Yup, those were different days for sure. Most families had a non-working Mom, or at least one who got summers off. Neighborhoods were filled with an “it takes a village” ethos where whichever Mom was available just grabbed all of the kids and performed a kind of kid-wrangler function. And you know what? Even without a summer filled with elite travel teams or weekly tournaments every kid who was destined to play a sport at a higher level did just that. All of the super bright kids who were destined to end up at highly selective schools managed to land just where they belonged without checking in to a Kumon to be “enriched”.

Nope, instead we dug for worms, and if we were lucky enough to find a few we went fishing.

Who stole August? I’m afraid that the whole “back to school after Labor Day” thing is probably a lost cause, but frankly the blame for all of the intensity, the frenzy of activity, purposeful activity, lies squarely at the feet of the parents. If you and your spouse both have jobs you get a weekday pass; an early start to the school year is probably a huge boon to families in which both parents work, actually. But the whole travel team, weekend tournaments, and lack of lazy days of summer time? Sorry Jason, you and your peers own that. Some younger Boomers may have started the whole thing, and while my own family bears no guilt there I will nonetheless apologize on behalf of those in my generation who did.

But it’s parents who for some reason can’t seem to abide the non-purposeful minutes, let alone hours, spent by their children in the pursuit of the benefits that August once brought. It’s as if they have boredom by proxy, forgetting that boredom was once the gateway to some of the best things they experienced in their own Augusts past. Where we once packed most of the excitement of vacations into the first two weeks of July, kids are now pedal to the metal all summer long. That kid who’s good enough to play D1 soccer? S/he is gonna do that whether or not s/he practices every day school is out and hits up an elite tournament every weekend. Parents are supposed to make that kid NOT play soccer for a few weeks.

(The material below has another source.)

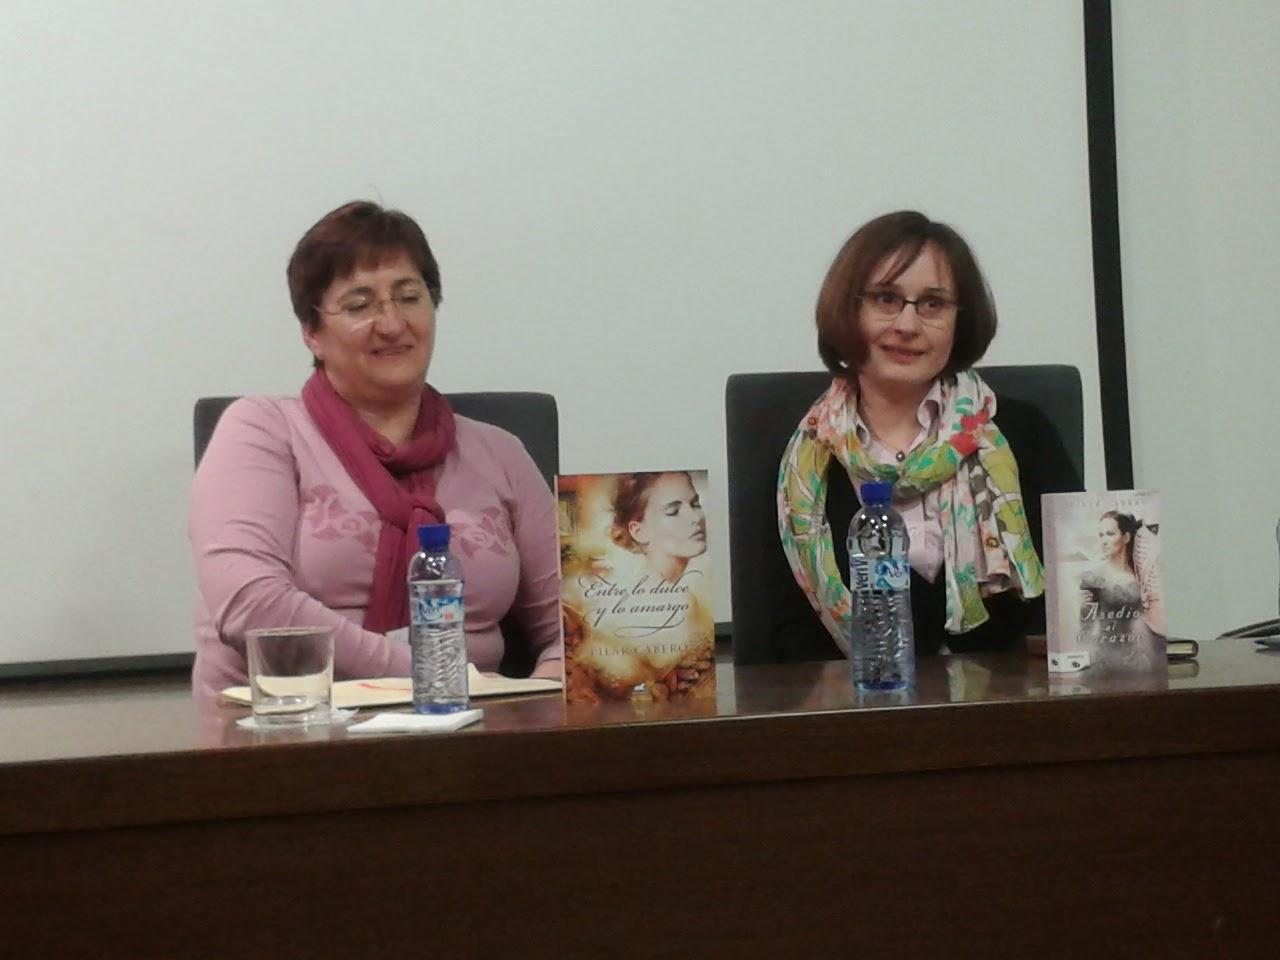 Presentación libro de Pilar Cabero

All is not lost, for Jason Gay or any other parents who may feel as he does about August. The solution lies in the wisdom of Dorothy Parker: let your kids have a summer filled with boredom. Time when they get to figure it out. Let their curiosity loose. With as little adult supervision and electronic assistance as possible. More parks and fewer plugs. Parents hold the keys to an August reminiscent of Augusts past, however shorter August may now be. The lakeside beaches of my youth are still there. There are still plenty of worms to dig up, fish to catch, friendships to foster. And boredom, the biggest gift of August.

Boredom can bring back that bit of the August we seem to have lost.